*** Opening PROVIDED DATA ***

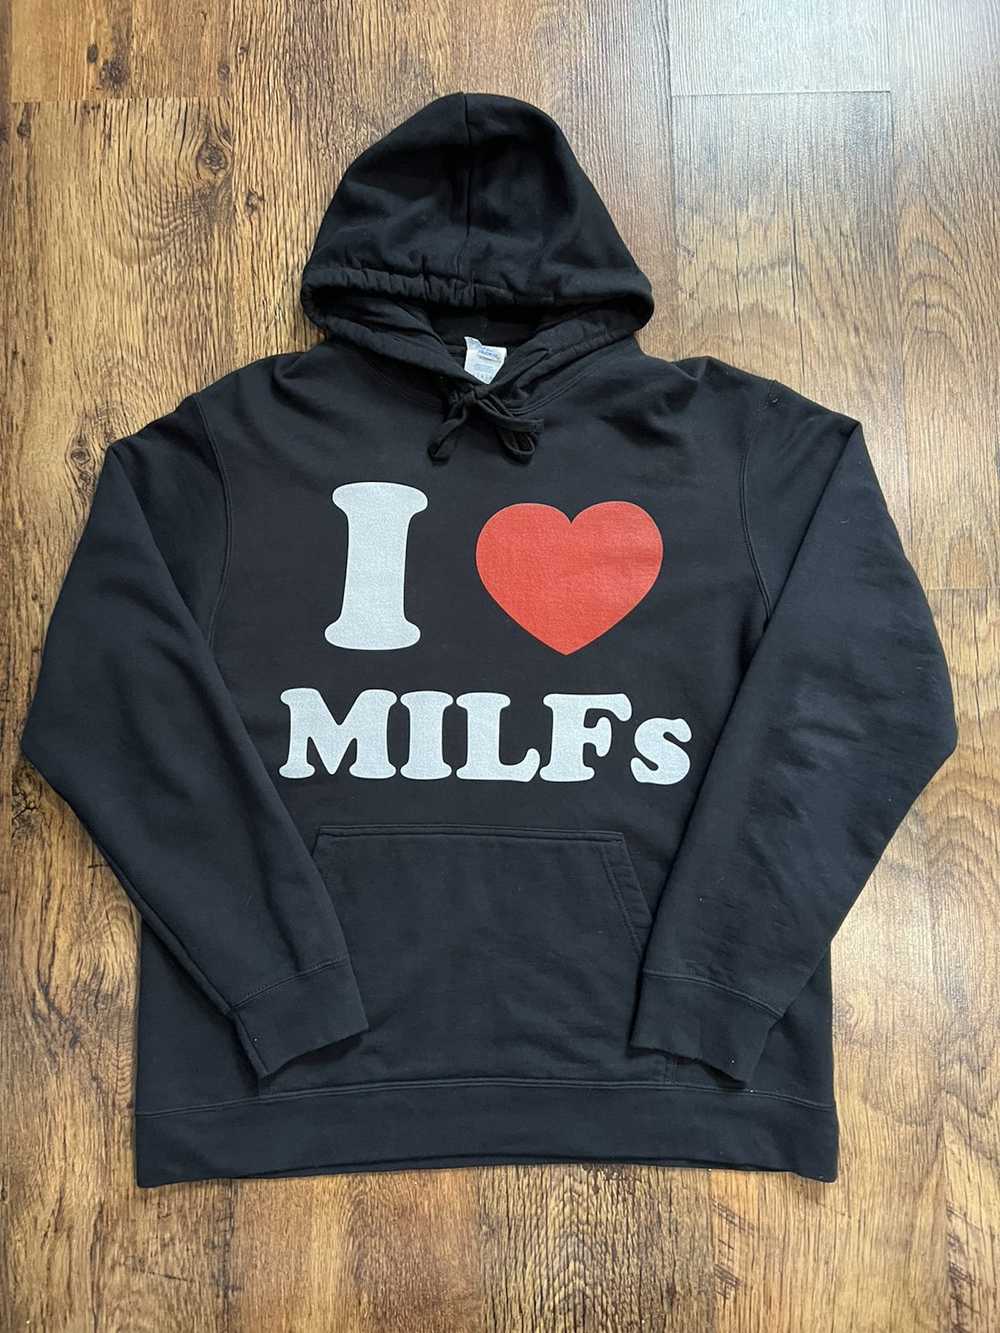 Made In Usa × Vintage I love milfs hoodie sweatsh… - image 6
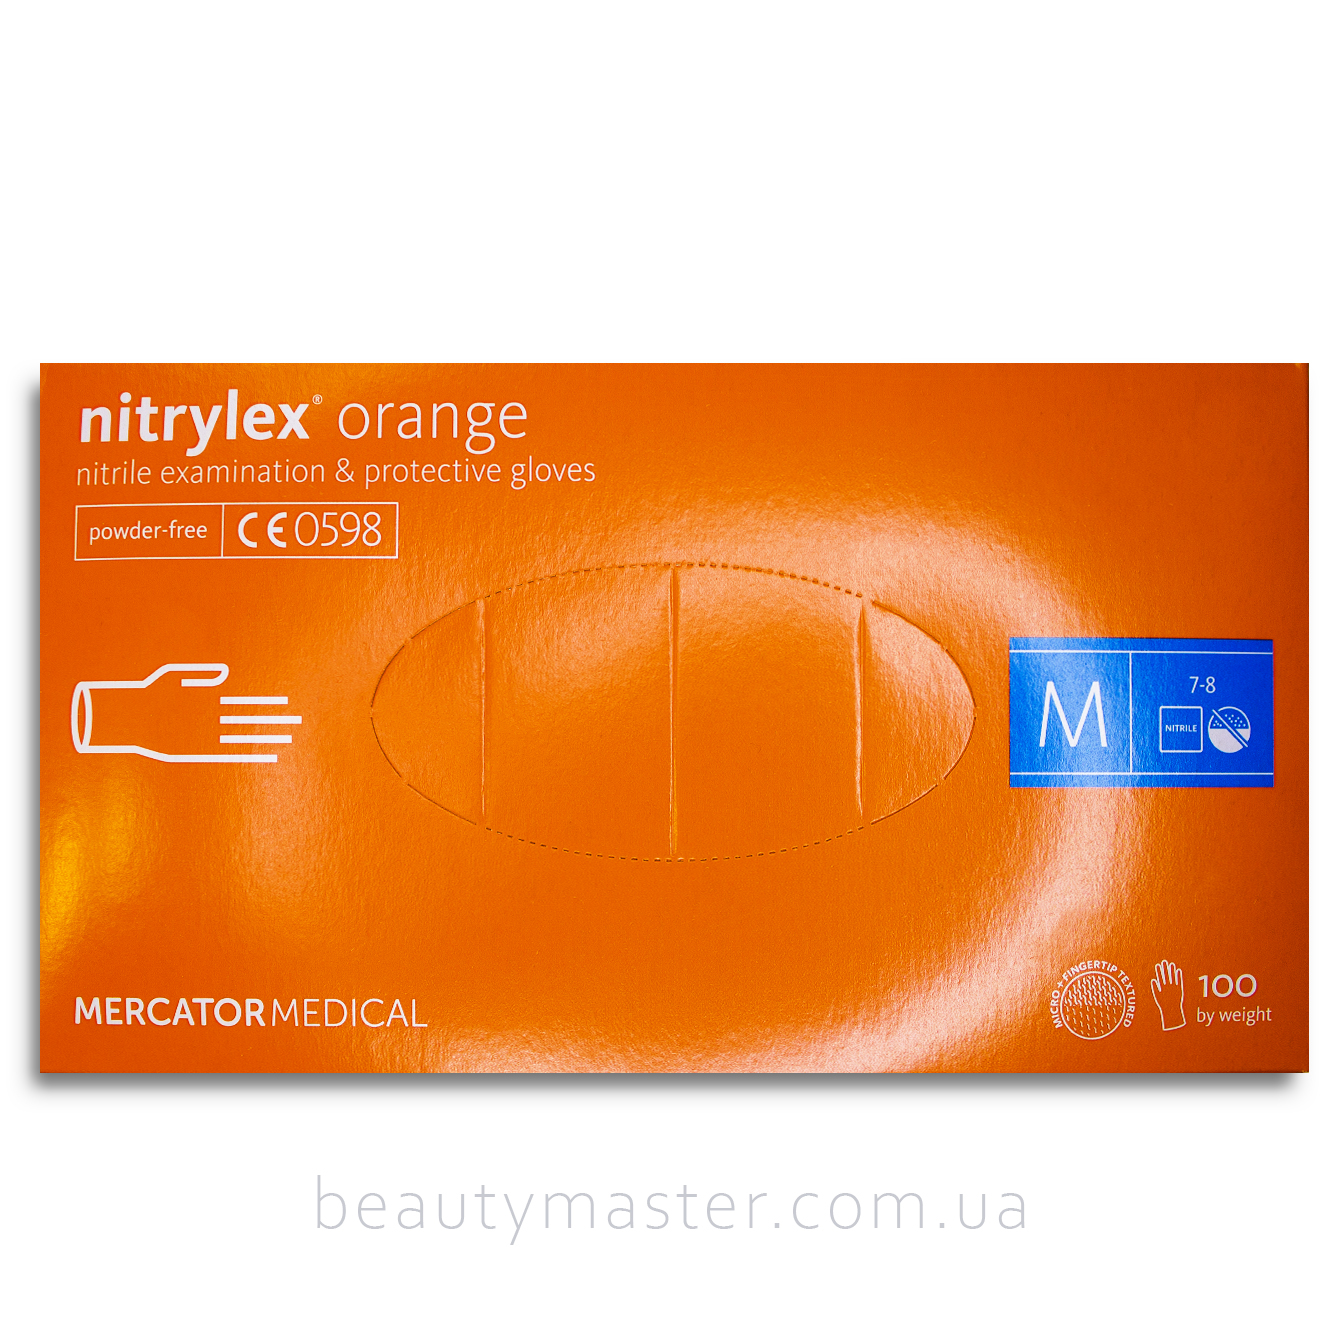 Перчатки nitrylex Orange нитриловые, оранжевые, р.M, пачка 100шт
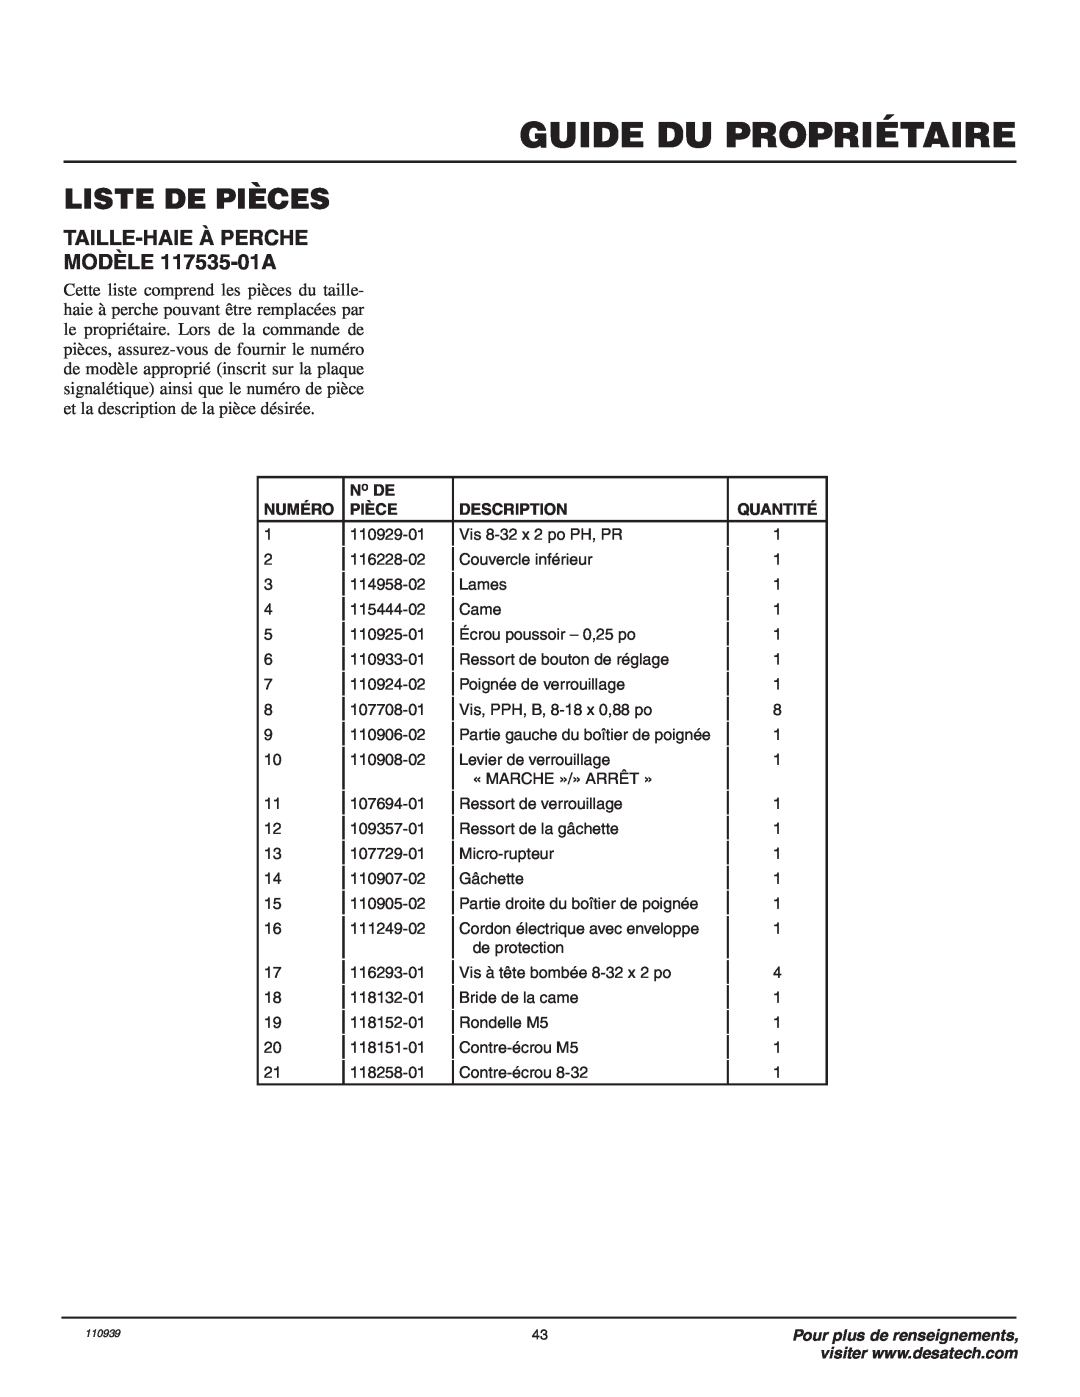 Remington Power Tools owner manual Liste De Pièces, Guide Du Propriétaire, TAILLE-HAIE À PERCHE MODÈLE 117535-01A

*** Closing PROVIDED DATA ***

→ TRY IT
The listing must be returned in full and exactly, apart from its pictures.

→ WRITTEN RESPONSE
 Made In Usa × Vintage I love milfs hoodie sweatsh… - image 6
 Перчатки nitrylex Orange нитриловые, оранжевые, р.M, пачка 100шт
 Remington Power Tools owner manual Liste De Pièces, Guide Du Propriétaire, TAILLE-HAIE À PERCHE MODÈLE 117535-01A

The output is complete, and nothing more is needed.